### What you are asked to do
The expected output is every line of the data exactly as shown, minus the images.

*** Opening Collected data ***

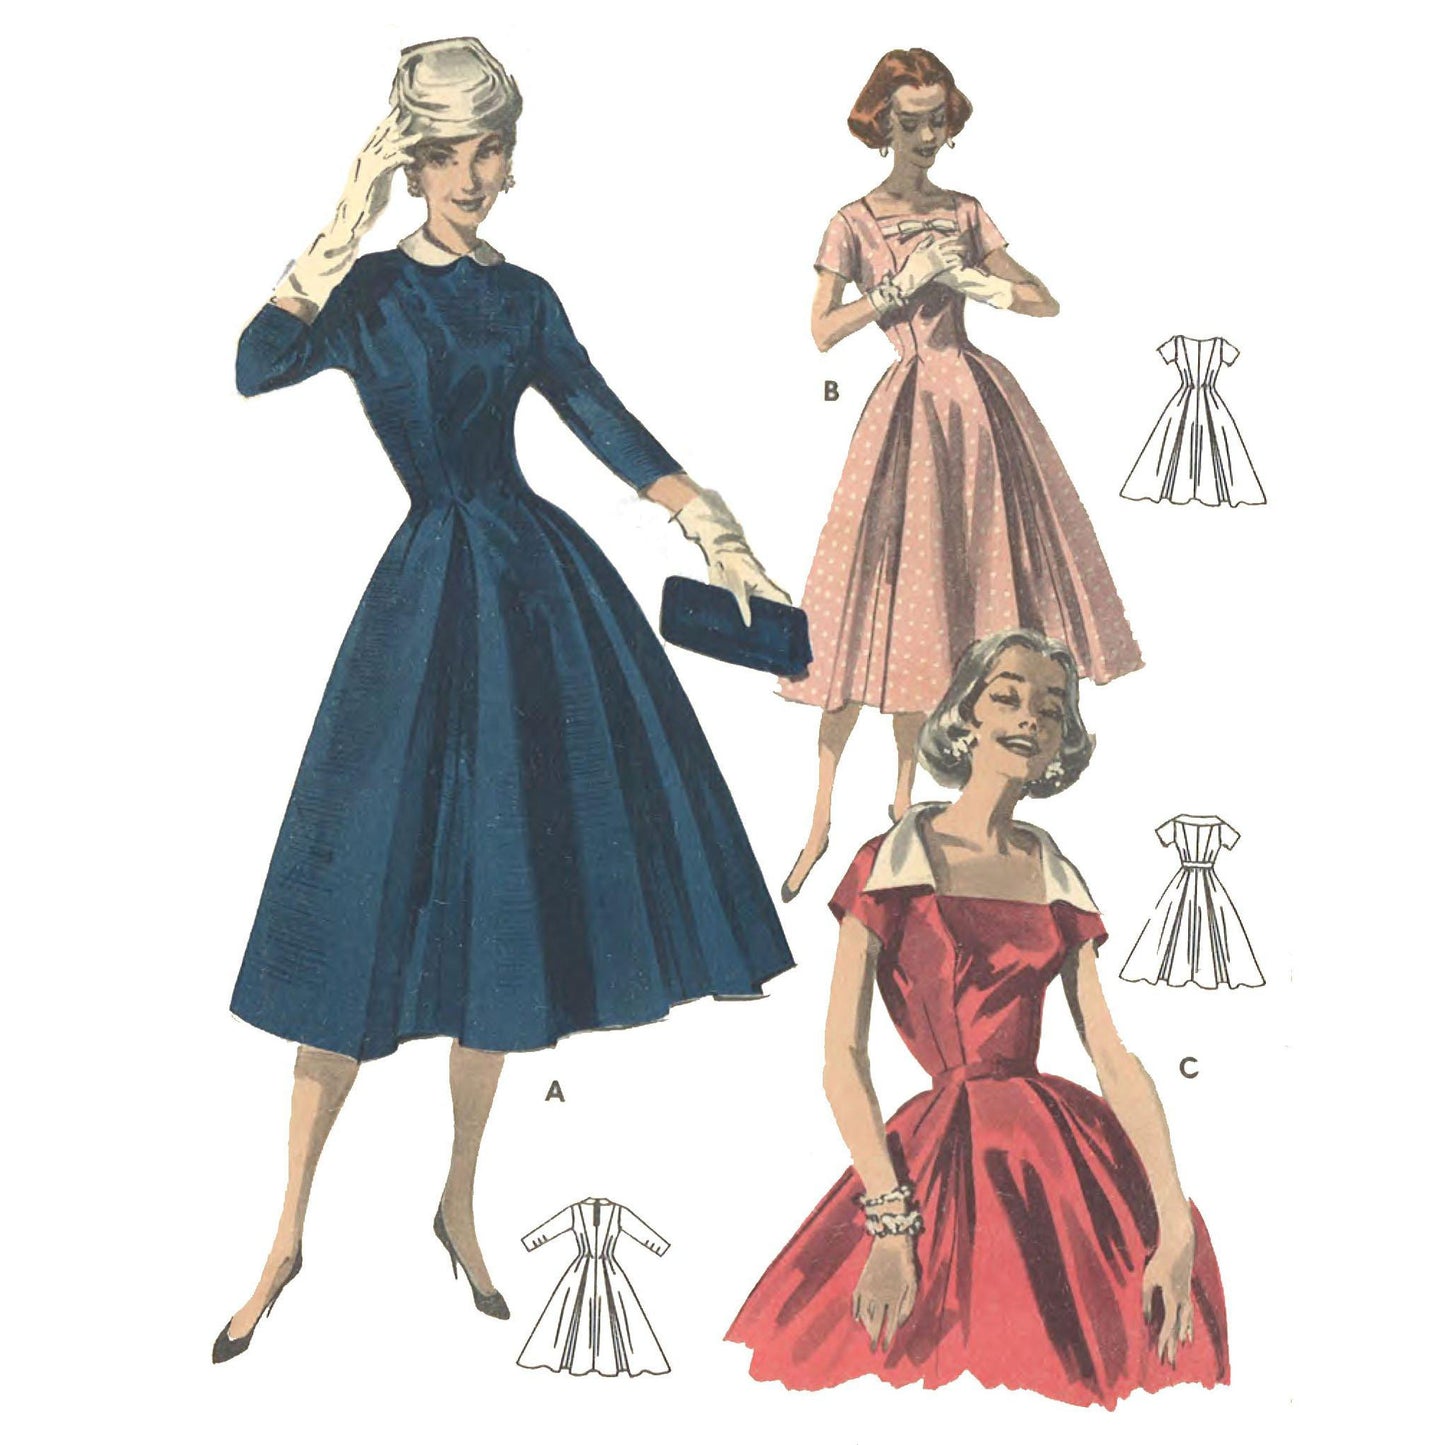 Anne Dress PDF Sewing Pattern Basic Dress, Barbie Dress Pattern
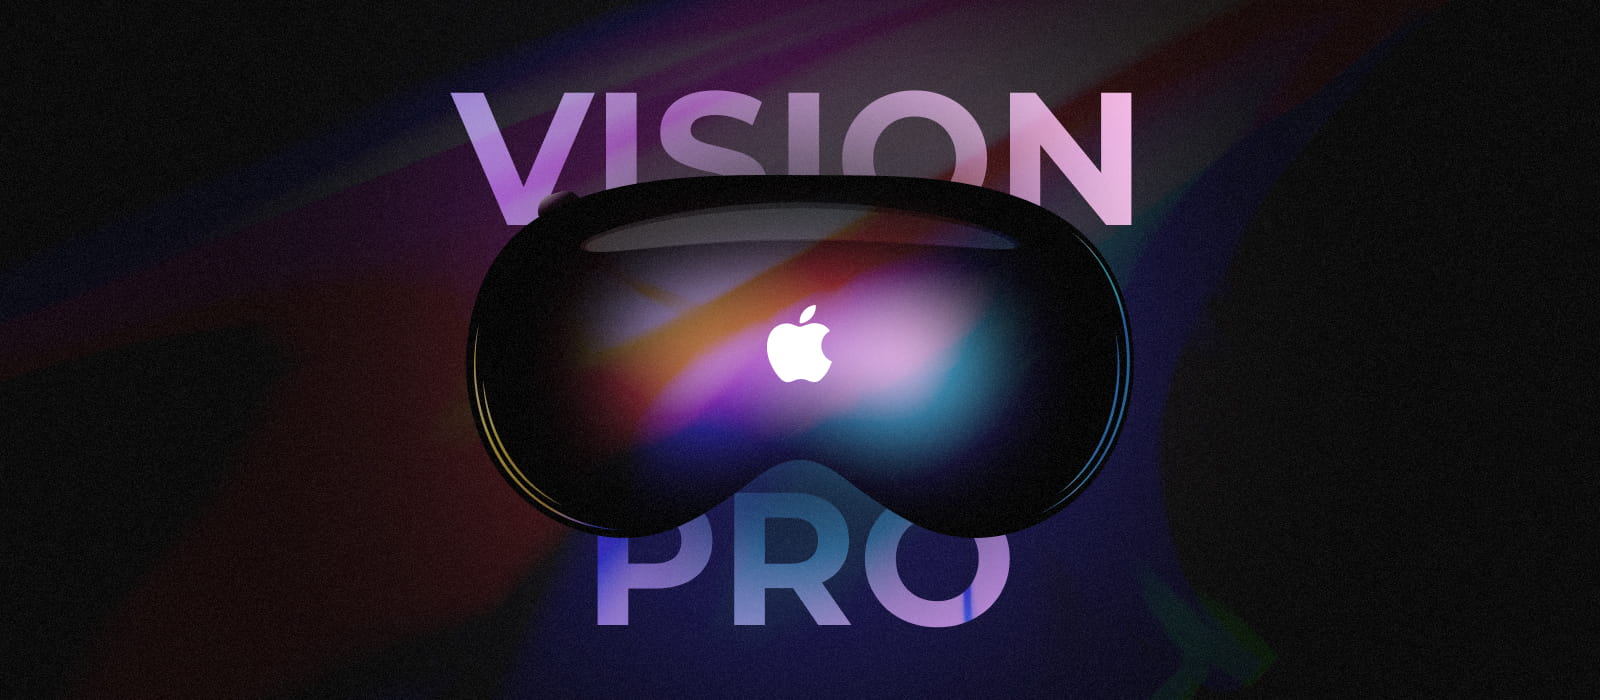 Apple Vision Pro web apps app iPad iPhone
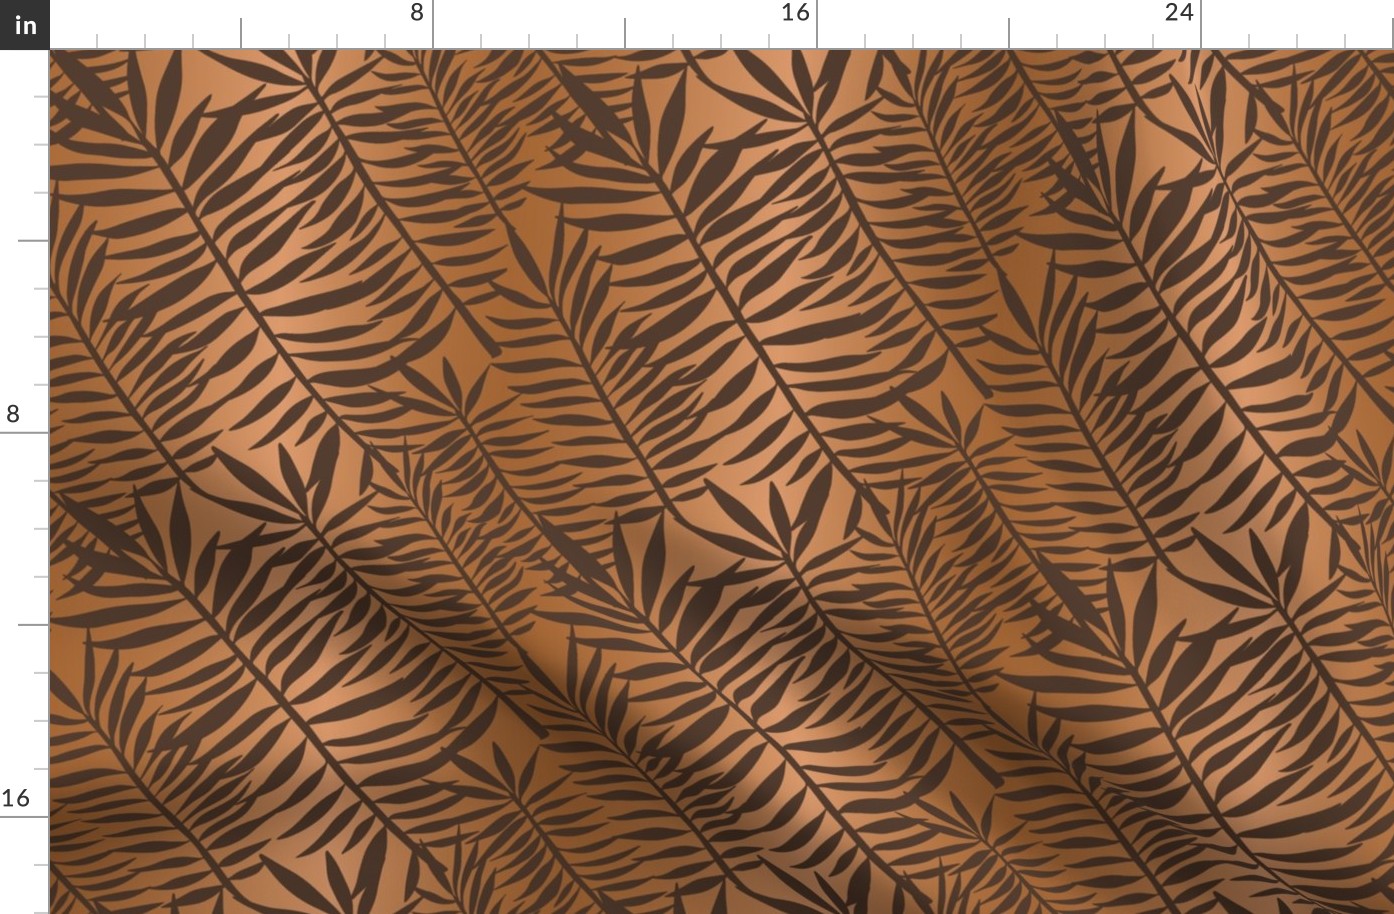 Palm frond tiger stripes on tan

*** Closing Collected data ***

### Answer below
 Anne Dress PDF Sewing Pattern Basic Dress, Barbie Dress Pattern
 Apple Vision Pro web apps app iPad iPhone
 Palm frond tiger stripes on tan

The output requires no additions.